Generation is extremely slow. The model doesn't fit in RAM and is offloading to disk. Run ollama ps — it shows how many layers are in RAM versus on CPU. Fix: use a smaller model or upgrade to more RAM.

Failed to connect when calling the API from outside. Ollama is still bound to localhost. Add OLLAMA_HOST=0.0.0.0 to the service configuration and restart.

Model won't download. Check available disk space with df -h. Models range from 1–2 GB for small 1-3B variants to 40+ GB for 70B models. Expand your disk or delete unused models first.

Open WebUI can't reach Ollama. With --network=host, Open WebUI talks to Ollama via localhost:11434. Confirm Ollama is running and listening: curl localhost:11434.

Ready to run your own language models?

THE.Hosting VPS — KVM, Ubuntu, 50+ locations worldwide. Match the plan to your model size.

Starting from €5.77/month, trial tier at €1/month with KYC for up to 6 months. For large models, Dedicated servers with high RAM are available.

Choose a VPS for Ollama 
Dedicated Servers

FAQ:

Does Ollama work without a GPU?

Yes, CPU-only mode is fully supported. Generation speed will be lower — roughly 3–8 tokens/sec for a 7B model compared to 30–60 tokens/sec with a good NVIDIA GPU. For personal use and experimentation, CPU is fine.

Which model works best for non-English languages?

Qwen 2.5 (7B, 14B, 32B) consistently leads on non-Latin scripts including Russian, Chinese, and Arabic. Recent Llama 3.x versions are solid too. DeepSeek R1 handles multilingual prompts well. Gemma 3 is notably weaker outside English.

Can Ollama replace the OpenAI API in my code?

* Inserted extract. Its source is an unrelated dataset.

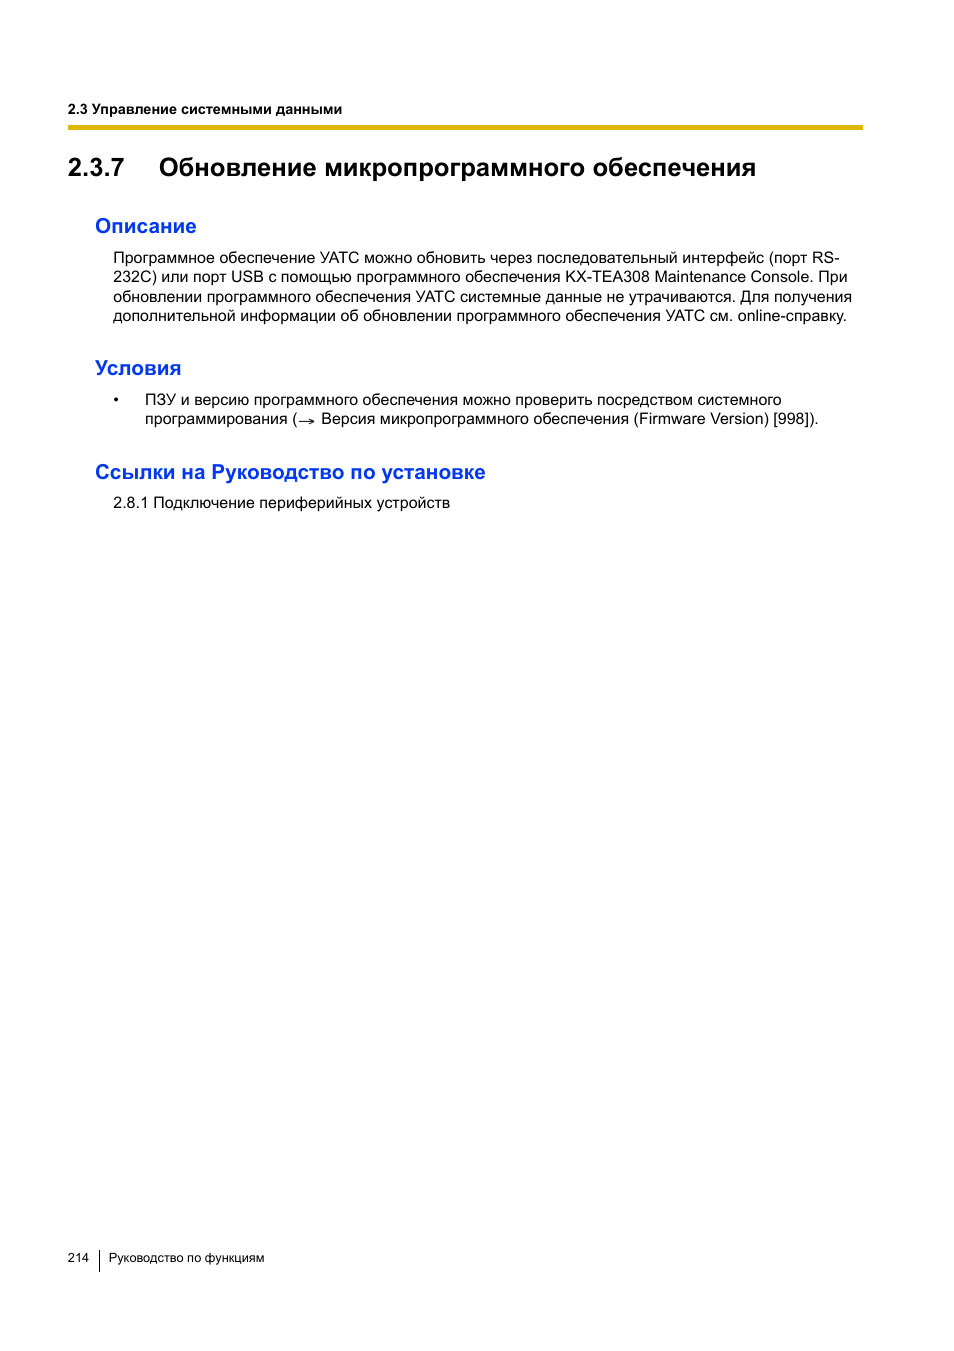 7 обновление микропрограммного обеспечения, 7 обновление микропрограммного обеспечения) | Инструкция по эксплуатации Panasonic KX-TEA308RU | Страница 214 / 318

Yes. Ollama exposes an OpenAI-compatible endpoint at http://localhost:11434/v1/. Point any OpenAI client library, LangChain, LlamaIndex, or n8n to that URL as the base_url and use any string as the API key. Most integrations work without code changes.

Can multiple models run at the same time?

Yes, as long as there's enough RAM for all of them. Ollama loads models on demand and automatically unloads models that haven't been used in 5 minutes.

Is it safe to expose port 11434 publicly?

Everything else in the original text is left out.